Determine the closures of the following subsets of second order:
$(a)$ $E = \left\{\frac{1}{2}\times y\ |\ 0<y<1\right\}$
$(b)$ $D = \left\{x\times \frac{1}{2}\ |\ 0<x<1\right\}$
My Attampt: For $(a)$, since $E$ it is just the vertical open interval between $\frac12\times 0$ and $\frac12\times 1$. Any open interval containing $\frac12\times 0$ must ‘reach up’ into this interval, and any open interval containing $\frac12\times 1$ must ‘reach down’ into it, so both endpoints of the interval must be in its closure. Hence, $$Cl(E) = E\cup \left\{\frac{1}{2}\times 0, \frac{1}{2}\times 1\right\}$$
For $(b)$, since the set $D$ is the horizontal open interval between $0\times\frac12$ and $1\times\frac12\ $, any open interval containing $0 \times \frac12$ must ‘reach left’ to this interval and any open interval containing $1\times\frac12$ must ‘reach right’ to it. Thus, both endpoints of the interval must be in its closure:
$$Cl(D) = D\cup \left\{0\times \frac{1}{2}, 1\times \frac {1}{2}\right\}$$
Is this correct. If not, where have I gone wrong?

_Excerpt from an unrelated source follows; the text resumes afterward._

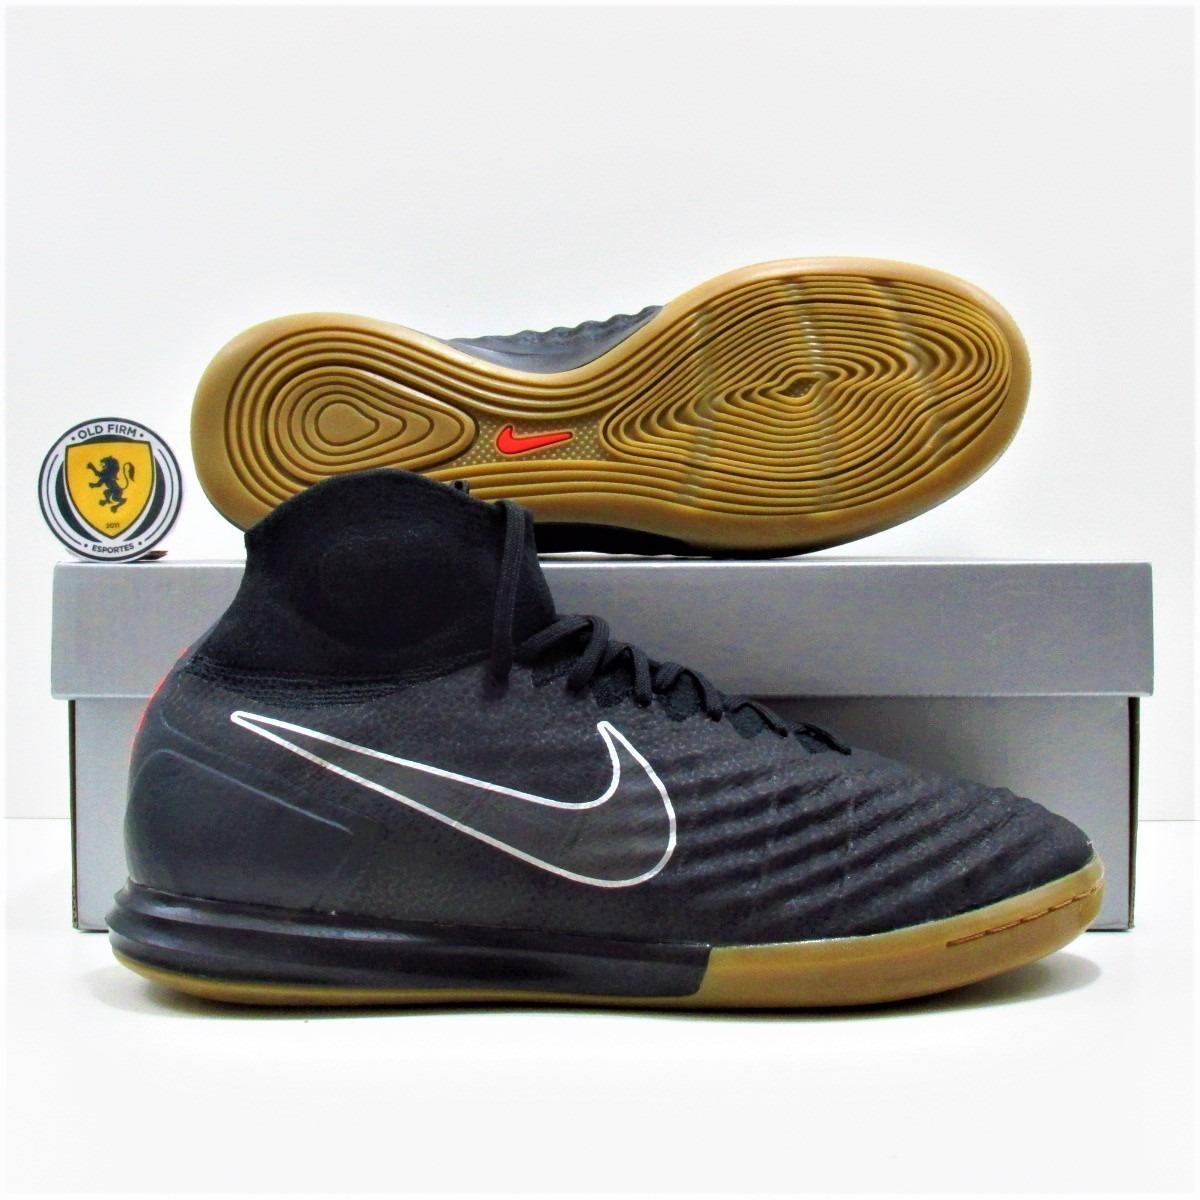 Tenis Chuteira Futsal Nike Magistax Proximo Original - R  449 e7148cb5f4aaf

First $E = \{\frac{1}{2}\} \times (0,1)$. A short check on cases shows that indeed all basic neighbourhoods of $(\frac{1}{2},0)$ and $(\frac{1}{2}, 1)$ have points in $E$, and so they lie in $\overline{E}$. And as $\{\frac{1}{2}\} \times [0,1]$ is closed (as a closed interval in an ordered space) we see that $E$ plus these two points is the whole closure.
As to $D = (0,1) \times \{\frac{1}{2}\}$, the seeming endpoints $(1, \frac{1}{2})$ are and $(0, \frac{1}{2})$ are not in the closure: $((0,0), (0,1))$ is an open neighbourhood of $(0,\frac{1}{2})$ (an open interval) that misses $D$ and similarly for $((1, 0), (1,1))$ and $(1, \frac{1}{2})$.
But consider $(a,0)$ for $a \in (0,1]$:a basic neighbourhood of that point is an open interval (it’s not one of the two endpoints), with $(b,c) < (a,0) < (d,e)$ as endpoints. We cannot have $b=a$ as then we’d have $c <0$ which cannot be, so $b < a$. Pick some $b’$ with $b < b’ < a$. Then $(b,c) < (b’, \frac{1}{2}) < (a,0)$ (all determined by the first coordinate), and so this open interval intersects $D$. This shows that $(0,1] \times \{0\} \subseteq \overline{D}$ as well.
A similar argument can be made symmetrically at the top edge to show that $[0,1) \times {1} \subseteq \overline{D}$ as well.
I claim that $\overline{D} = C:= D \cup (0,1]\times \{0\} \cup [0,1) \times \{1\}$ and one inclusion we have seen and the other follows from the fact that $$[0,1] \times [0,1]\setminus C = ([(0,0),(0,1)) \cup \bigcup_{x \in (0,1)} [((x,0), (x,\frac{1}{2})) \cup ((x,\frac{1}{2}),(x,1))] \cup ((1,0),(1,1)]$$ which is a union of basic open sets of $[0,1]\times [0,1]$ and so $C$ is closed.